While not an exhaustive list, these are some of the most common non-QM mortgage programs people choose when refinancing:
Bank Statement Loans. If you’re self-employed and want to take cash out of your home, a Bank Statement Home Equity loan was designed for you. If you’re looking to lower monthly payments or change the length of your mortgage, a traditional Bank Statement Loan may be ideal. With each, mortgage professionals consider cash flow into bank accounts in the approval process, rather than relying on tax returns and employment information.
DSCR Loans. Using the property you own to buy an investment property. That’s the idea behind the Debt Service Coverage Ratio loan. Here, mortgage professionals determine the earning potential of the property you’re looking to buy. Most times, if the rental income a property will generate covers the mortgage payment and property expenses, you’ll probably get approved. With this loan program, you can purchase single-family residences, condos, and one- to eight-unit properties.

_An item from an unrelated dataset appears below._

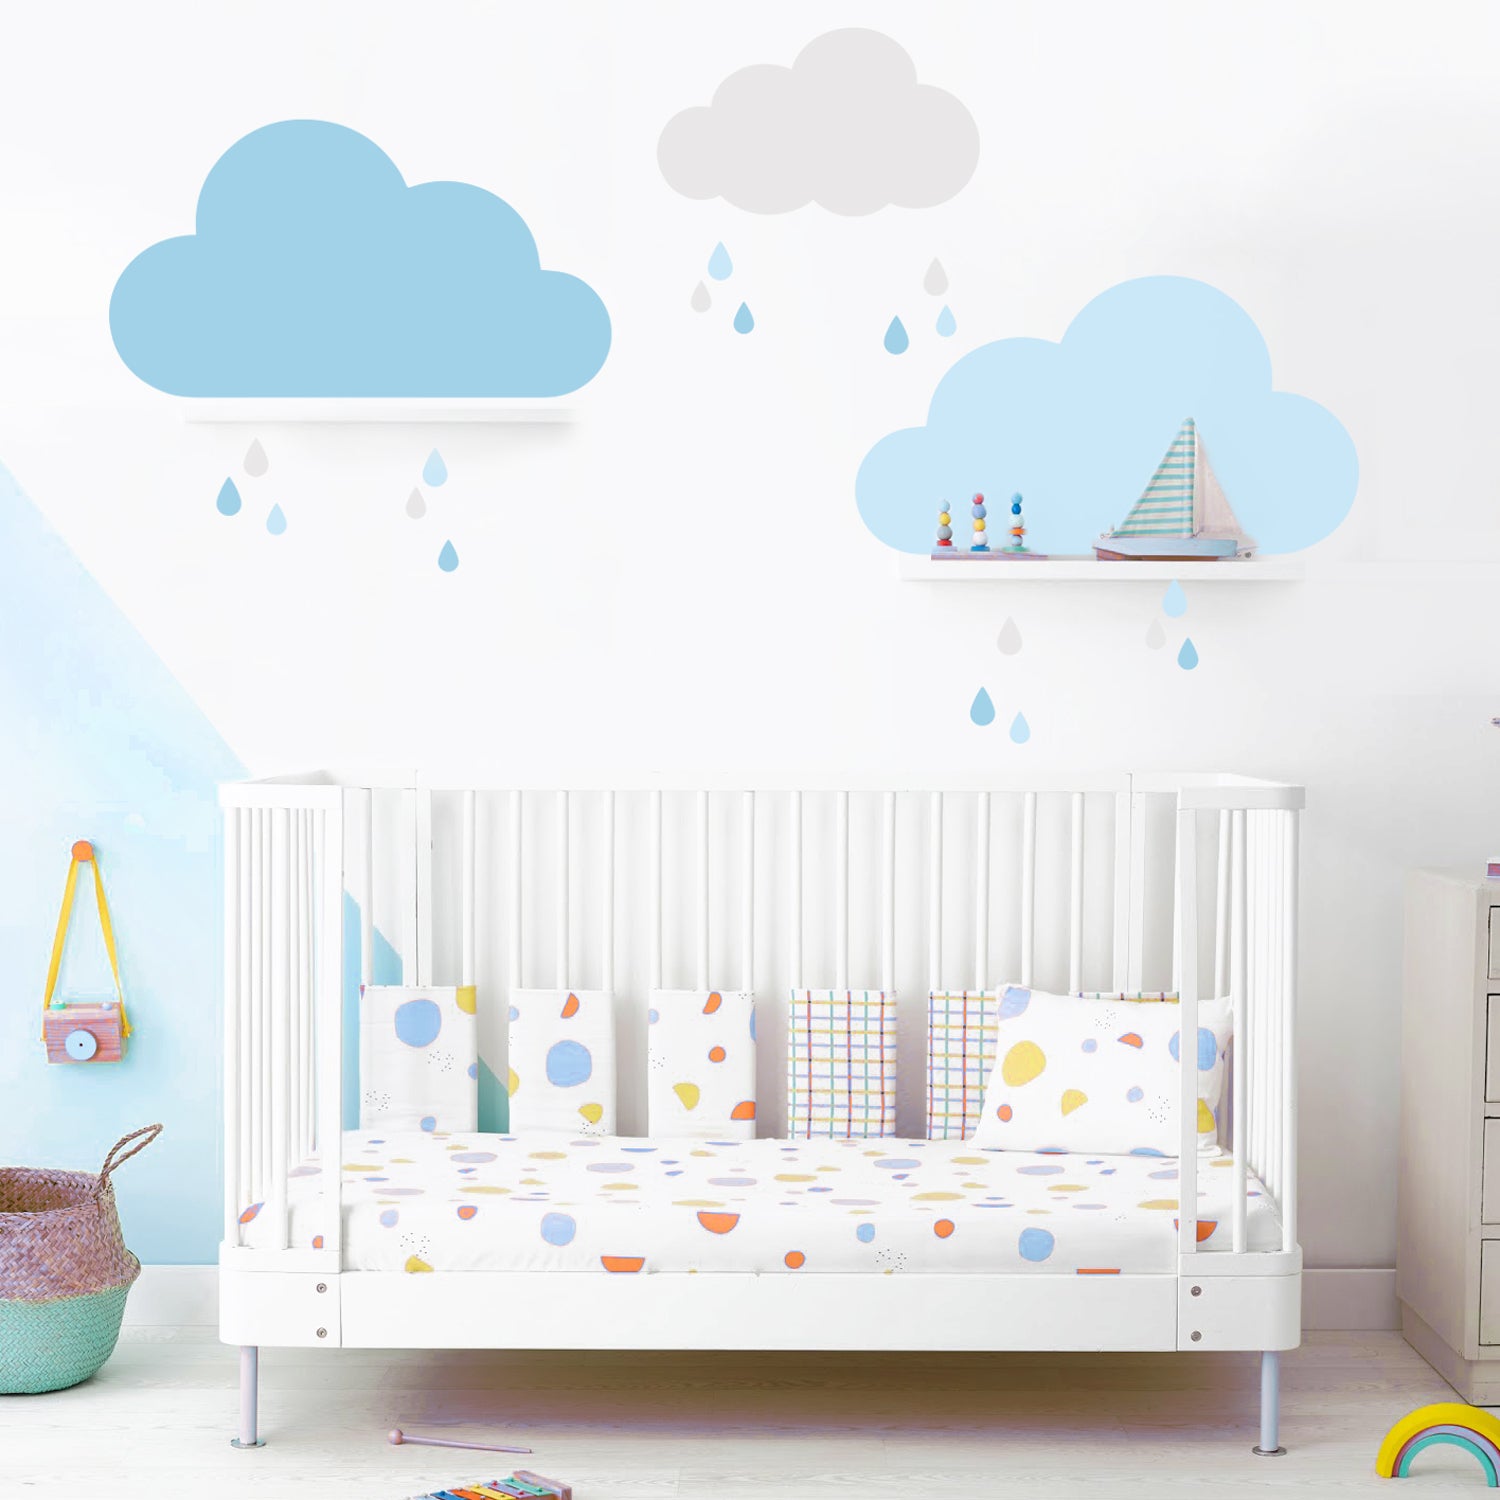 Adesivos de Parede de Nuvens e Gotas Azul e Cinza Decoração de Bebê SONHOS DE NINAR

No Income Loans. This mortgage program suits non-traditional earners of all shades, from the self-employed to those with cash-paying jobs, people who do contract work, and others. For approval, potential borrowers usually need to show substantial liquid assets, such as cash in bank accounts and stocks and bonds that you can easily convert into cash.
ITIN Loans. People who don’t have Social Security numbers but pay taxes in the U.S. often have an ITIN (Individual Taxpayer Identification Number). With this ITIN, it’s also possible to qualify for an initial mortgage loan and subsequent mortgage refinancing.